Habían dejado de existir rápidamente.
Mientras miraba las horcas me tomaron una foto El teniente O'Hare se encontraba de pie detrás de mí, delgado como un Joven lobo y lleno de odio como una serpiente de cascabel.
La fotografía se reprodujo en la cubierta de
Life
y estuvo a punto de ganar el premio Pulitzer.
No me ahorcaron.
Cometí alta traición, crímenes contra la humanidad y crímenes contra mi propia conciencia; pero nadie me ha hecho nada por ellos hasta el momento. Nunca me han tocado un pelo, porque fui agente norteamericano durante toda la guerra. Mis transmisiones radiofónicas llevaban información en código al exterior.

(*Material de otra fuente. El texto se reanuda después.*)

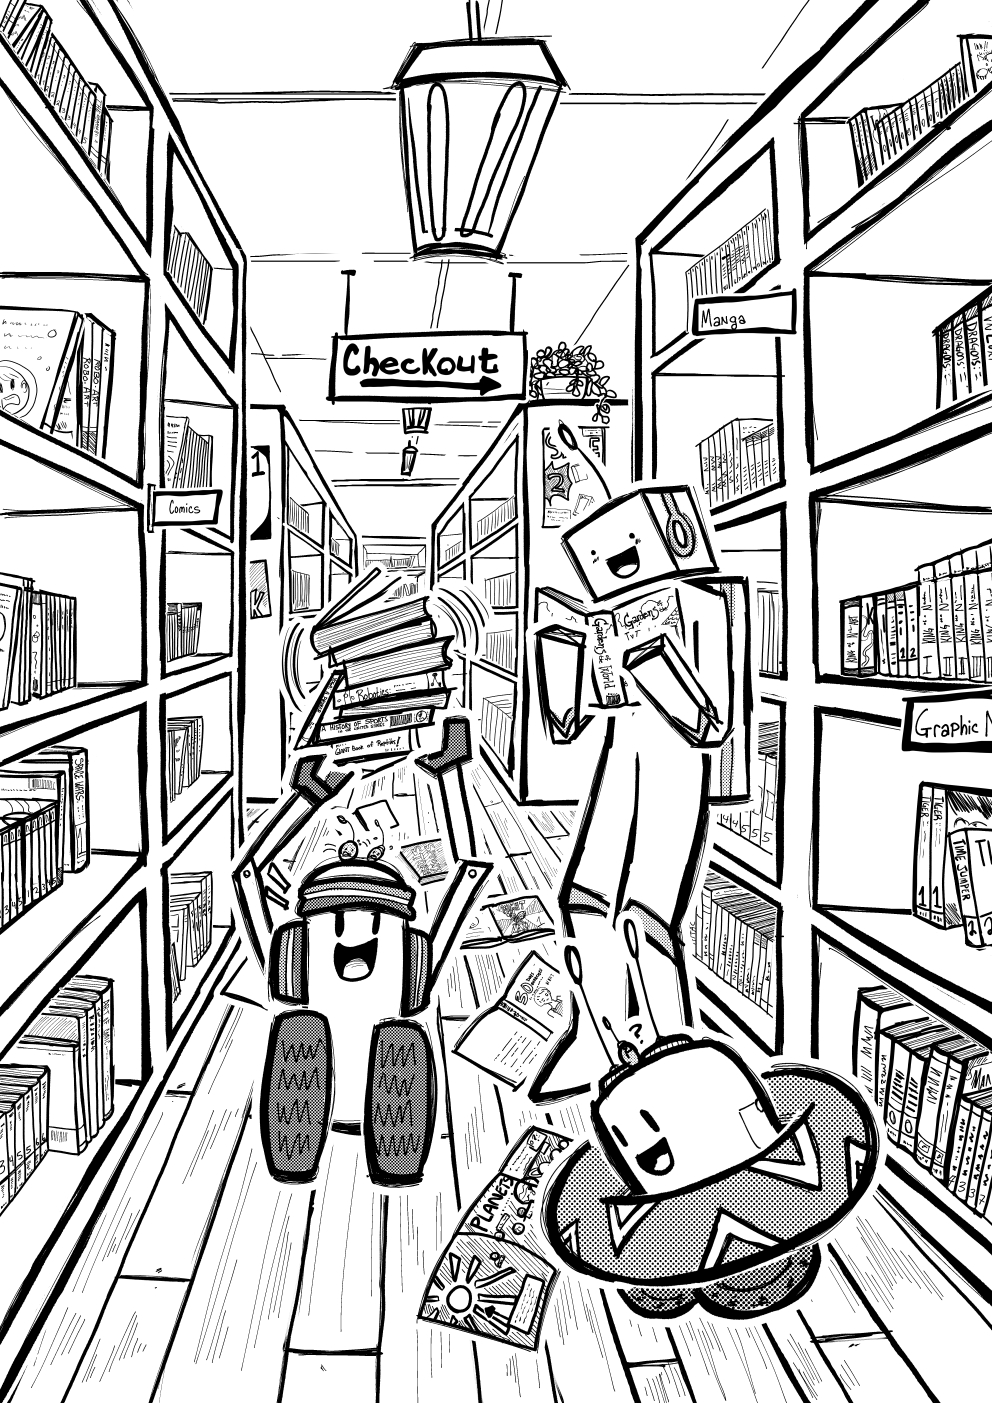 Art Break- In the Bookstore (B/W version)

La clave consistía en el uso de ciertos modismos, pausas, énfasis, toses, algunos tartamudeos en oraciones clave. Personas a quienes nunca vi me transmitían instrucciones y me indicaban en qué partes de la audición debían aparecer las distintas inflexiones. Hasta el día de hoy desconozco cuánta información pasé a través de mis audiciones. Por la sencillez de la mayor parte de las instrucciones que se me daban, supongo que se trataba, por lo general, de respuestas afirmativas o negativas a preguntas que habían sido formuladas por el aparato de espionaje.
En ocasiones, como durante la preparación de la invasión de Normandía, esas instrucciones se complicaban y mis fraseos y dicción sonaban como las etapas finales de una pulmonía doble.
En eso consistió mi ayuda a la causa aliada.
Y esa ayuda fue la que me salvó el pellejo.
Se me dio protección. Nunca se me reconoció la condición de agente norteamericano, pero se saboteó la acusación de traidor que pesaba en mi contra. Fui puesto en libertad sobre la base de inexistentes tecnicismos acerca de mi ciudadanía y me ayudaron a desaparecer.
Llegué así a Nueva York con un nombre supuesto. Empecé una nueva vida —es una manera de decir— en mi buhardilla llena de ratas, frente al parque secreto.
Y, sobre todo, me dejaron tranquilo. Tan tranquilo que pude retomar mi nombre y casi nadie me preguntaba si yo era «el» Howard W. Campbell aquél.
De cuando en cuando mi nombre aparecía en revistas y periódicos, pero nunca como el de una persona importante, sino como un nombre más en la larga lista de criminales de guerra desaparecidos. Se rumoreaba que me encontraba en Irán, en la Argentina, en Irlanda. Los agentes israelíes dijeron que me buscaban por cielo y tierra.
Sea como fuere, ningún agente golpeó a mi puerta. Nadie golpeó a mi puerta aun cuando el nombre en el buzón de correspondencia resultaba fácil de ver: Howard W. Campbell, Jr.
Hasta el final de mi purgatorio en Greenwich Village, lo más cerca que estuve de que me detectaran fue cuando necesité los servicios de un médico judío que vivía en el mismo edificio que yo. Se me había infectado un pulgar.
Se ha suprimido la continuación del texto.